I am working on modifying a relatively large C++ program, where unfortunately it is not always clear whether someone before me used C or C++ syntax (this is in the electrical engineering department at a university, and we EEs are always tempted to use C for everything, and unfortunately in this case, people can actually get away with it).
However, if someone creates an object:
Packet* thePacket = new Packet();
Does it matter whether it is destroyed with delete thePacket; or free(thePacket); ?
I realize that delete calls the destructor while free() does not, but Packet does not have a destructor. I am having a terrible time stuck in a memory management swamp here and I'm thinking this may be one of the many problems.
Yes it does matter.
For memory obtained using new you must use delete.
For memory obtained using malloc you must use free.
new and malloc may use different data structures internally to keep track of what and where it has allocated memory. So in order to free memory, you have to call that corresponding function that knows about those data structures. It is however generally a bad idea to mix these two types of memory allocation in a piece of code.
If you call free(), the destructor doesn't get called.
Also, there's no guarantee that new and free operate on the same heap.
You can also override new and delete to operate specially on a particular class. If you do so, but call free() instead of the custom delete, then you miss whatever special behavior you had written into delete. (But you probably wouldn't be asking this question if you had done that, because you'd know what behaviors you were missing..)
Packet has a destructor, even if you haven't explicitly declared one. It has a default destructor. The default destructor probably doesn't actually do much, but you can't count on that being the case. It's up to the compiler what it does.
new and malloc also may have wildly different implementations. For example, delete is always called in a context where it has perfect information about the size of the data structure it's deleting at compile time. free does not have this luxury. It's possible that the allocator that new is using may not store the bytes at the beginning of the memory area stating how many bytes it occupies. This would lead free to do entirely the wrong thing and crash your program when freeing something allocated with new.
Personally, if getting people to do the right thing or fixing the code yourself is completely impossible, I would declare my own global operator new that called malloc so then free would definitely not crash, even though it would still not call the destructor and be generally really ugly.

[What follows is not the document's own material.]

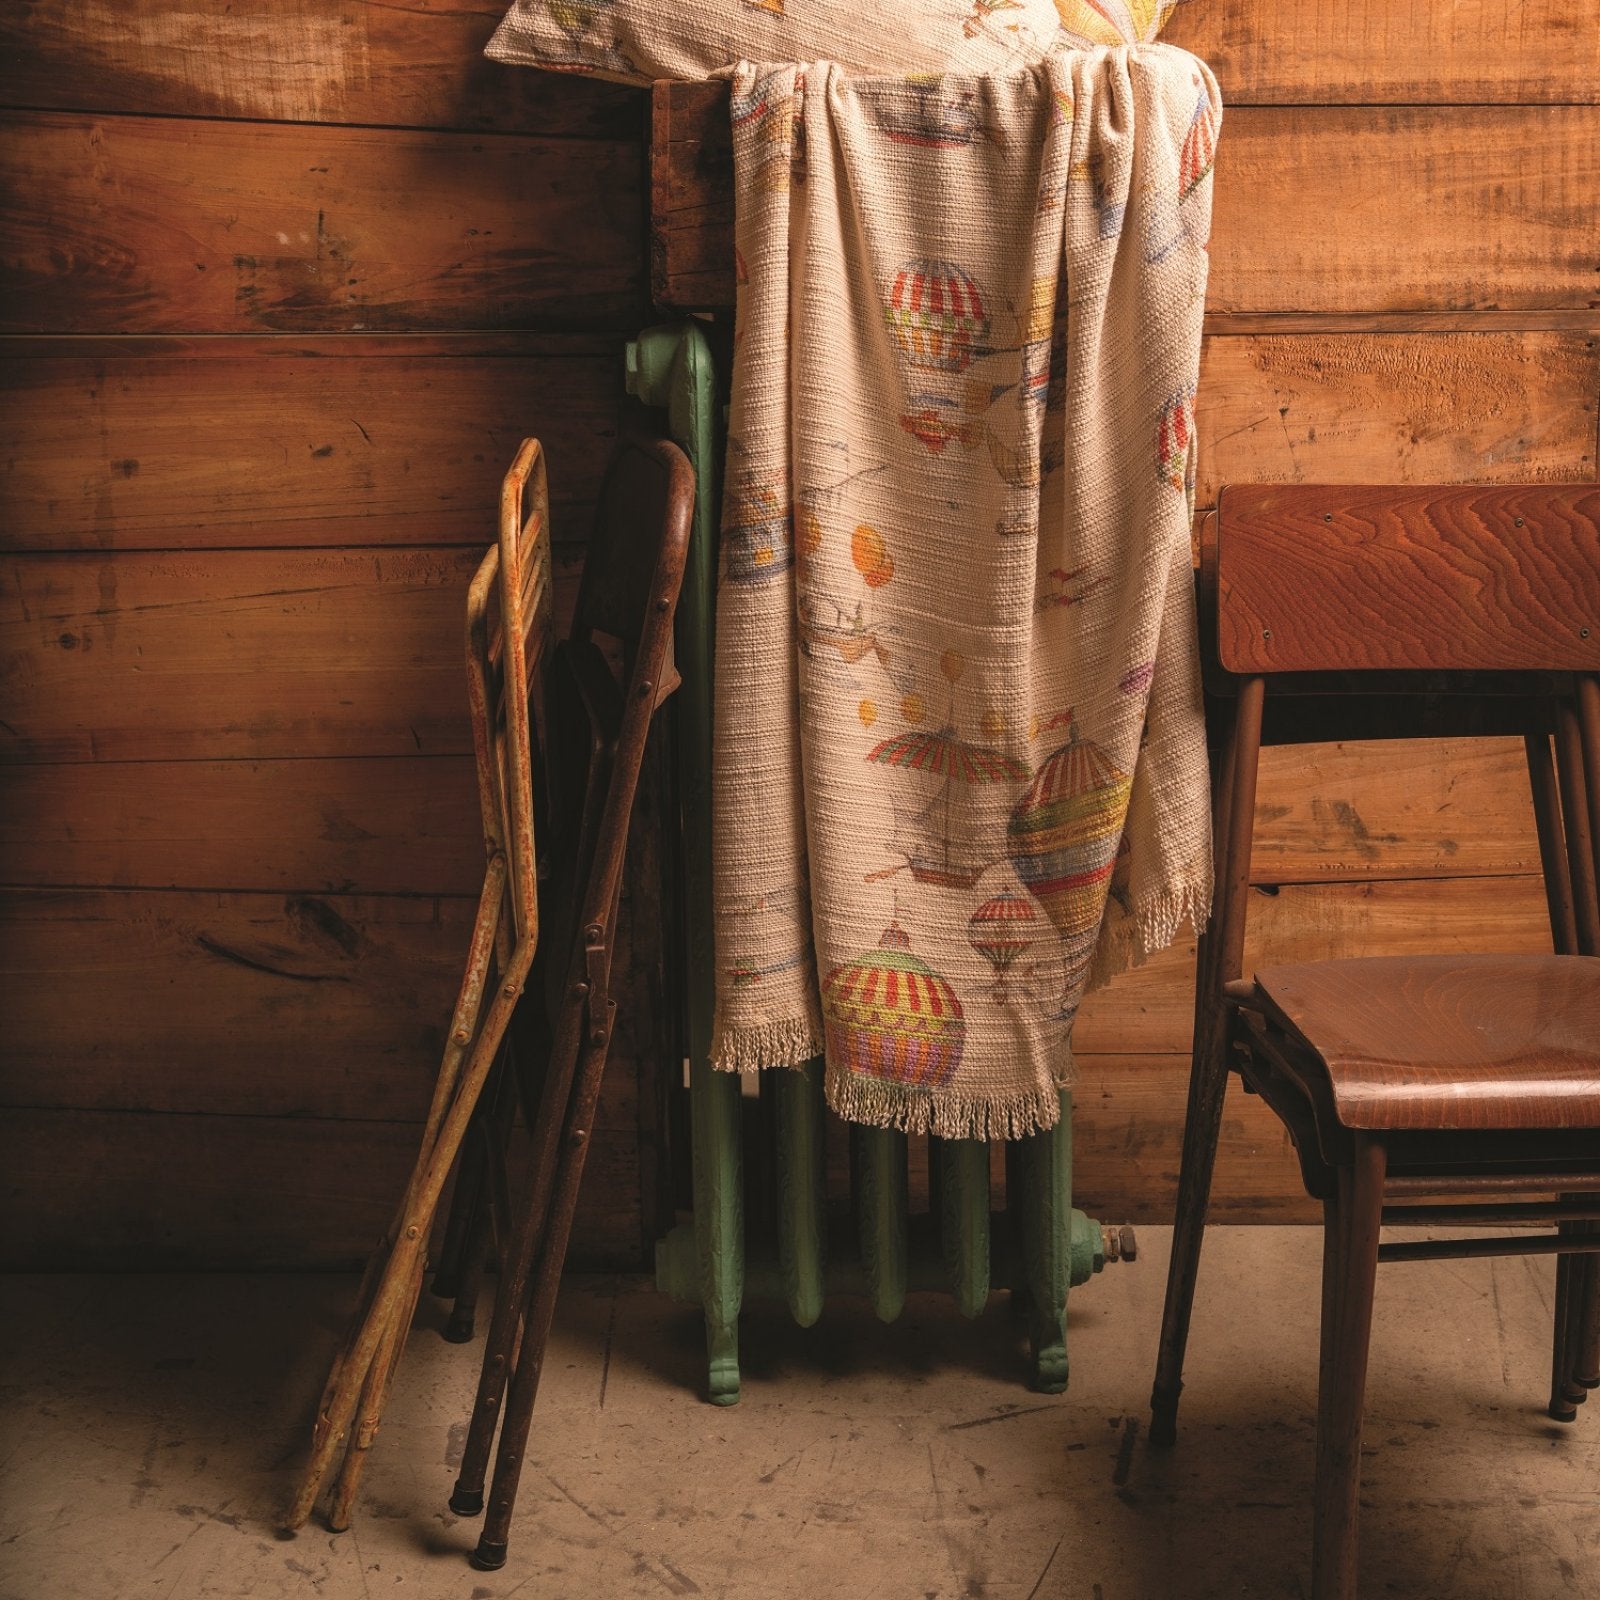 Tessitura Toscana Telerie, “Flyby”, Woven cotton printed throw.

In short, it is as bad as undefined behavior.
This is quiet self explanatory.
C Standard ($7.20.3.2/2) - "The free
function causes the space pointed to
by ptr to be deallocated, that is,
made available for further allocation.
If ptr is a null pointer, no action
occurs. Otherwise, if the argument
does not match a pointer earlier
returned by the calloc, malloc, or
realloc function, or if the space has
been deallocated by a call to free or
realloc, the behavior is undefined."
You are absolutely right, it is NOT correct. As you said yourself, free won't call the destructor. Even if Packet doesn't have an explicit destructor, it's using an inherited one.
Using free on an object created with new is like destroying only what a shallow-copy would reach. Deep-destroying NEEDS the destructor function.
Also, I'm not sure objects created with new() are on the same memory map as malloc()'d memory. They are not guaranteed to be, I think.
if someone creates an object:
Packet* thePacket = new Packet();
Does it matter whether is is destroyed with delete thePacket; or free(thePacket); ?
Yes it does matter. free (thePacket) would invoke Undefined Behaviour but delete thePacket would not and we all know Undefined Behaviour may have disastrous consequences.